- Born: 1862
- Died: January 9, 1916 (aged 53–54)
- Parent(s): Clarence Howard Clark Sr. Amie Hampton Wescott

= Clarence Howard Clark Jr. =

American financier

Clarence Howard Clark Jr. (1862 – January 9, 1916) was a financier in Philadelphia, Pennsylvania.

==Biography==
He was born in 1862 to Clarence Howard Clark Sr. He followed his father into his grandfather's business, hiring on as a clerk with E. W. Clark & Co. in 1879 and becoming a partner in 1885. He was admitted to the Philadelphia Stock Exchange in 1888 and served for 10 years as president of the Centennial National Bank.

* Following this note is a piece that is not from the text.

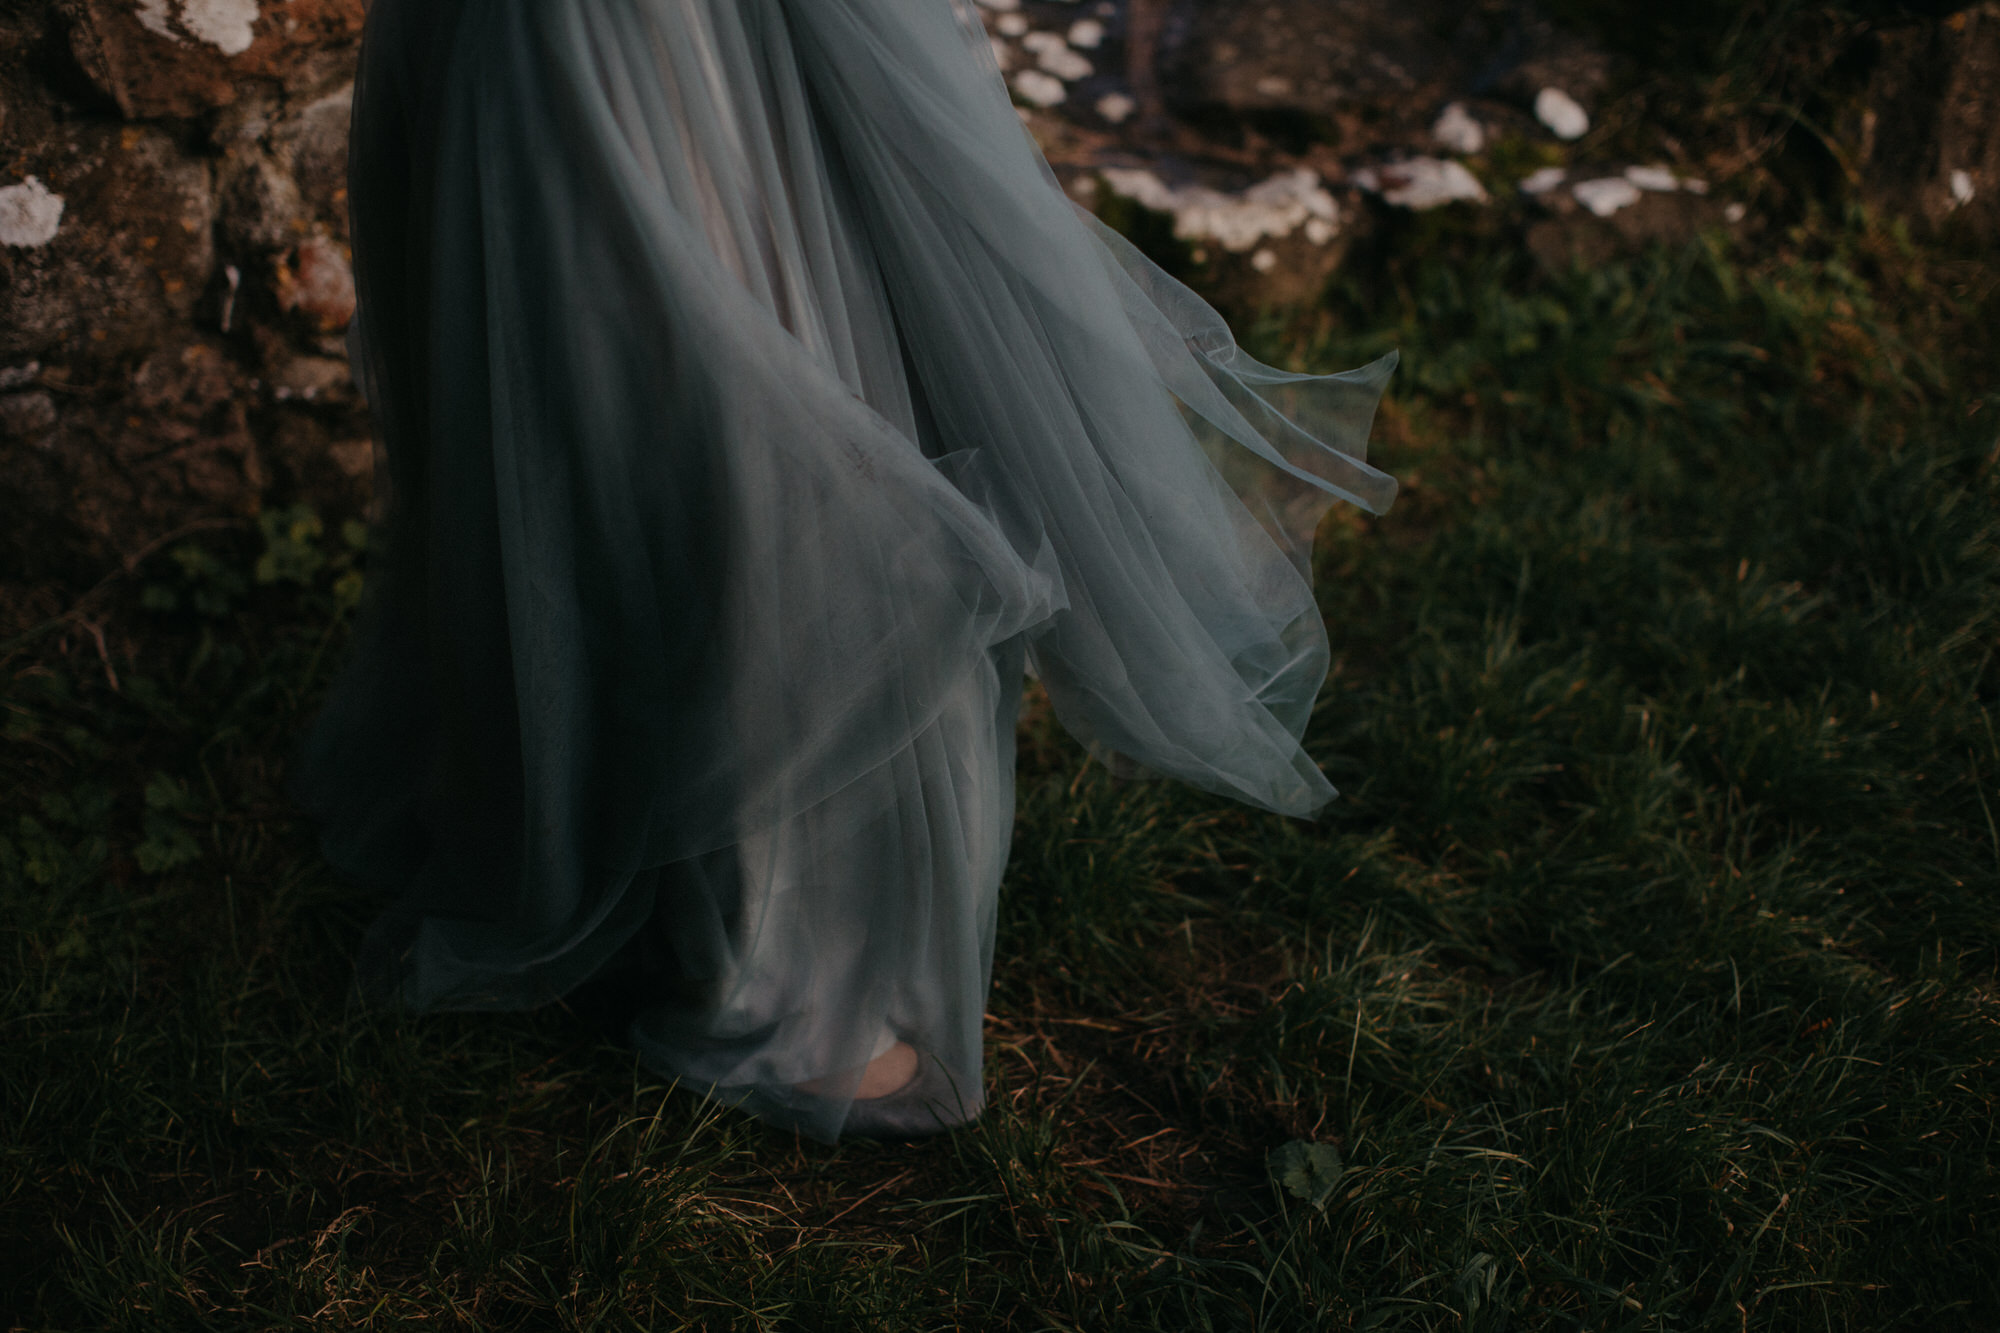 A Soft Blue Grey Tulle Dress For A Romantic Autumn Castle Wedding

The son, who often went by the name C. Howard Clark, built his own mansion near his father's house in West Philadelphia, at 4220 Spruce Street, on the southwest corner of 42nd Street. He later moved to "Chestnutwold Farm" at Valley Forge and Dorset roads in Devon, Pennsylvania, where he built a house in 1911 on a century-old 57-acre estate that he bought from Christopher Fallon, which he bought from the Perkins family. The Clarks sold the estate in 1923 for $250,000
($ today) to Dorothy E. Cadwalader.

An avid yachtman, Clark was a member of the Corinthian Yacht Club of Philadelphia; the New York Yacht Club; and the Eastern Yacht Club and the Corinthian, both of Marblehead, Massachusetts.

Clark died of "a stroke of apoplexy" on January 10, 1916, at the Pineland Country Club in Mullins, South Carolina.

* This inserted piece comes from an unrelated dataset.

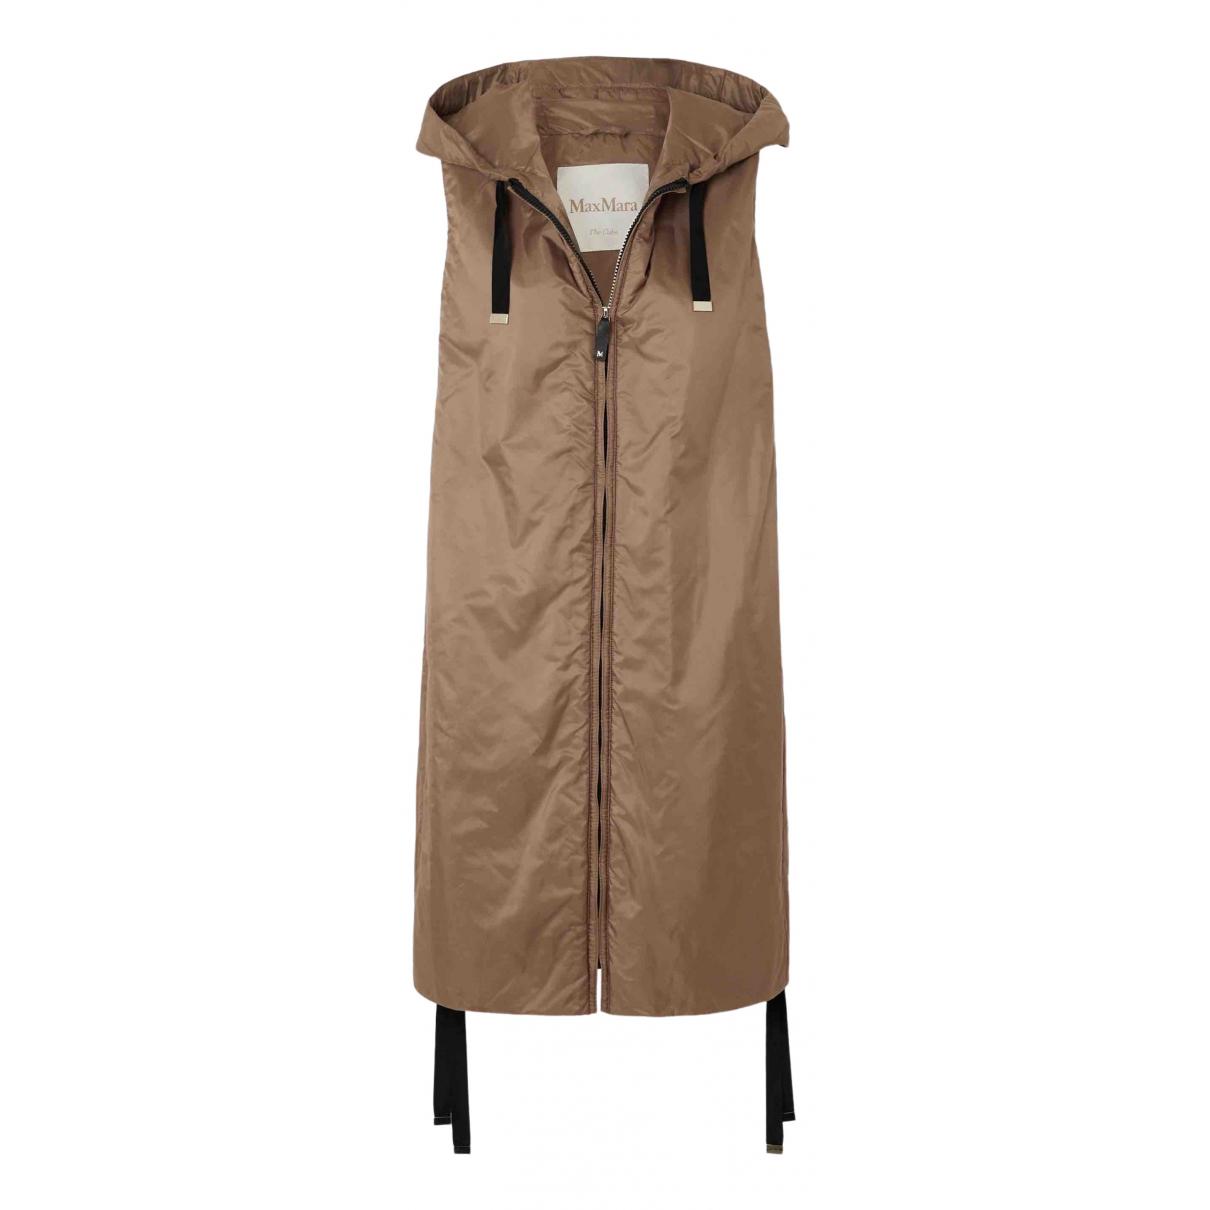 Max Mara \N Camel coat for Women 44 IT

He was survived by his wife, Eleanor D. Head Clark Jr., who died August 29, 1930, at her summer home in Northeast Harbor, Maine, and a son, Clarence H. Clark III (-1943). Clark III, whose own financial partnership, Kendrick & Co., failed in 1922, was a member of the First Troop Philadelphia City Cavalry, with which he served during World War I as a captain in the 310th Field Artillery. Clark III married Eleanor Townsend Clark (1899-1981), with whom he had two daughters, including Eleanor Yerkes, and a son, Clarence H. Clark IV, who served in the Army Air Corps during World War II. Clark IV, husband of Jean E. Clark, had a son, Clarence H. Clark V, and a daughter, Amy Clark (d. 2012). Clark V and his wife Kathleen had a son, Chip, and a daughter, Betsy.